* **HOW TO COMPLETE THIS TASK**: Repeat the listing exactly. Do not carry over any pictures.

------ GIVEN DATA ------

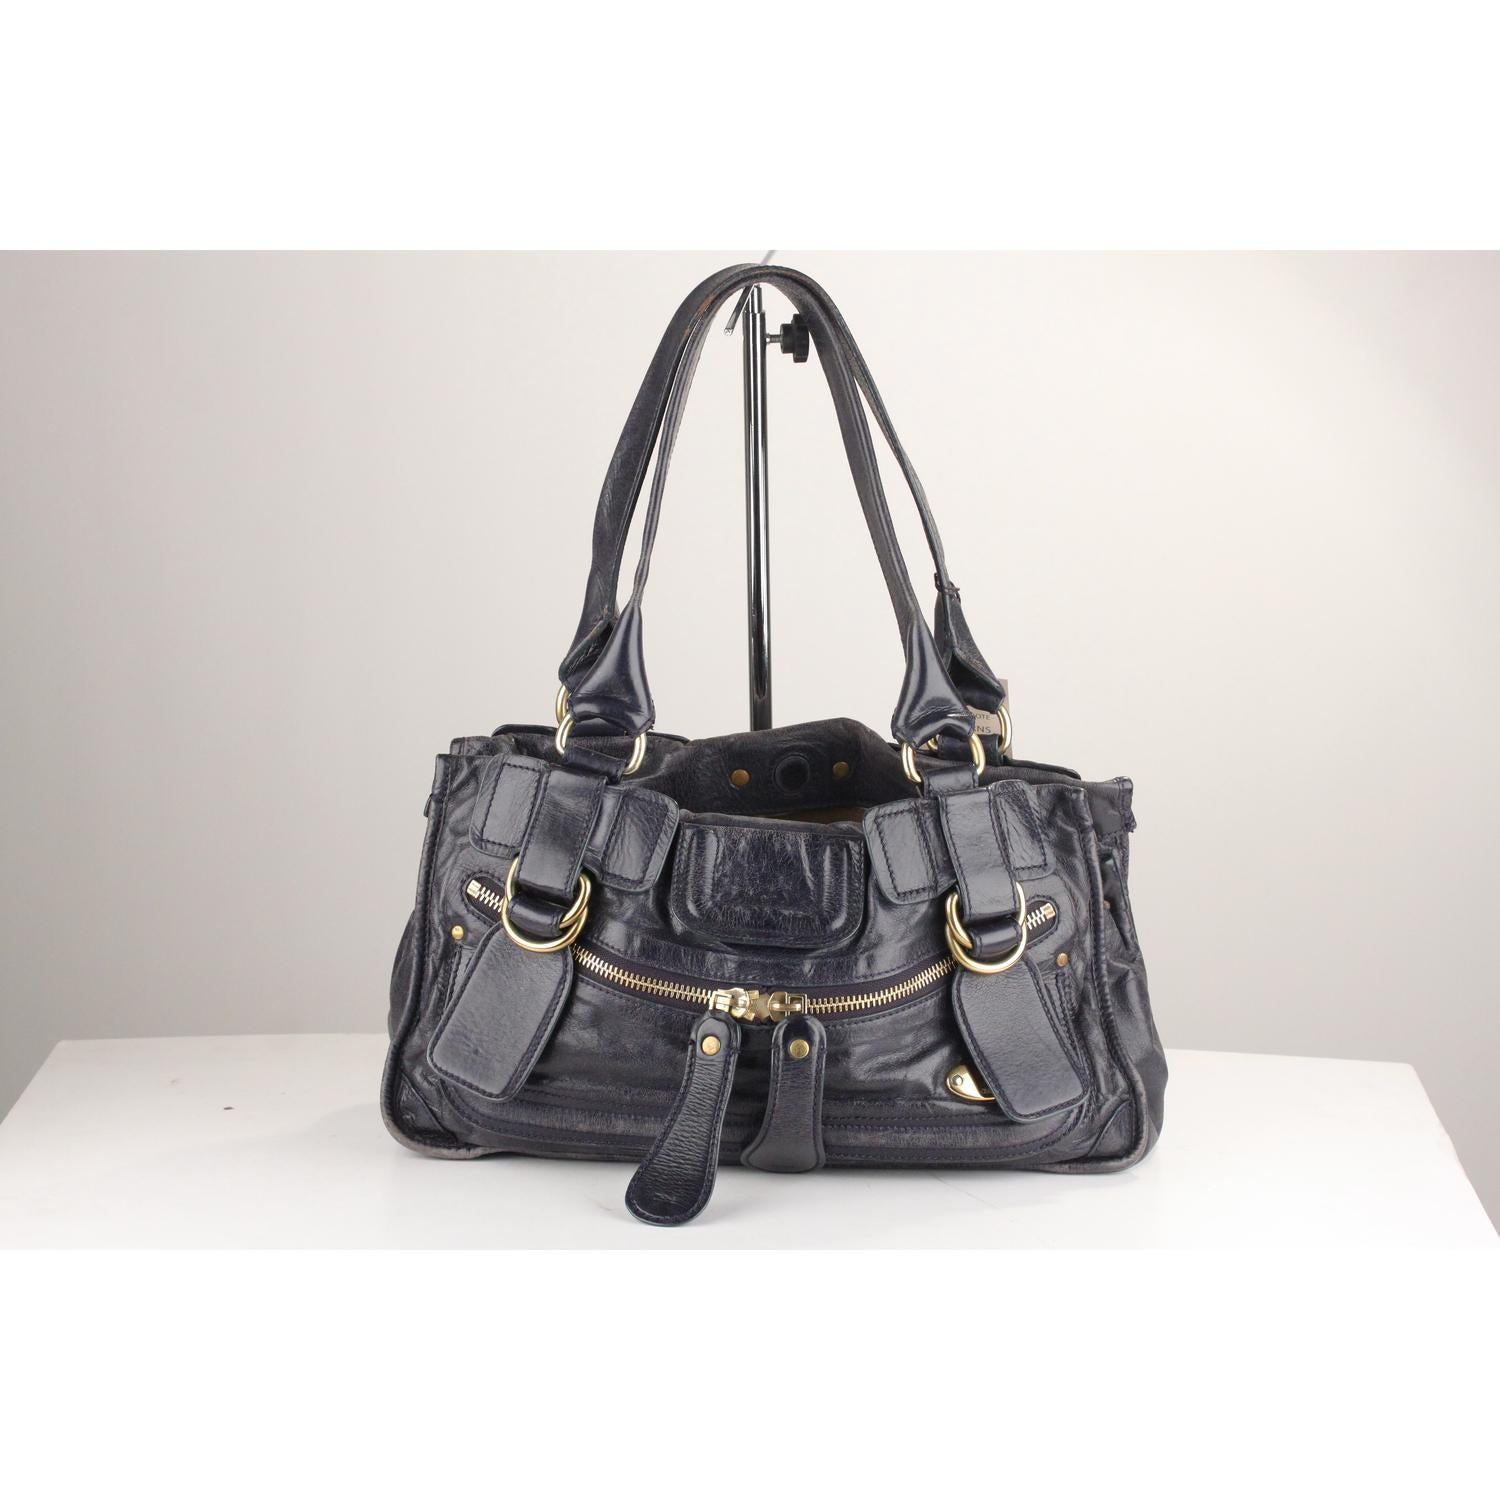 - Chloé Bay Bag shoulder bag
- Crafted in navy blue leather with a light distressed finish
- 2 front zip pockets and 1 hidden pocket on the front
- Double top handles
- Magnetic concealed button closure
- 2 main sections with 1 middle zipper

------

* **OUTPUT FOR THIS TASK**:
 - Chloé Bay Bag shoulder bag
- Crafted in navy blue leather with a light distressed finish
- 2 front zip pockets and 1 hidden pocket on the front
- Double top handles
- Magnetic concealed button closure
- 2 main sections with 1 middle zipper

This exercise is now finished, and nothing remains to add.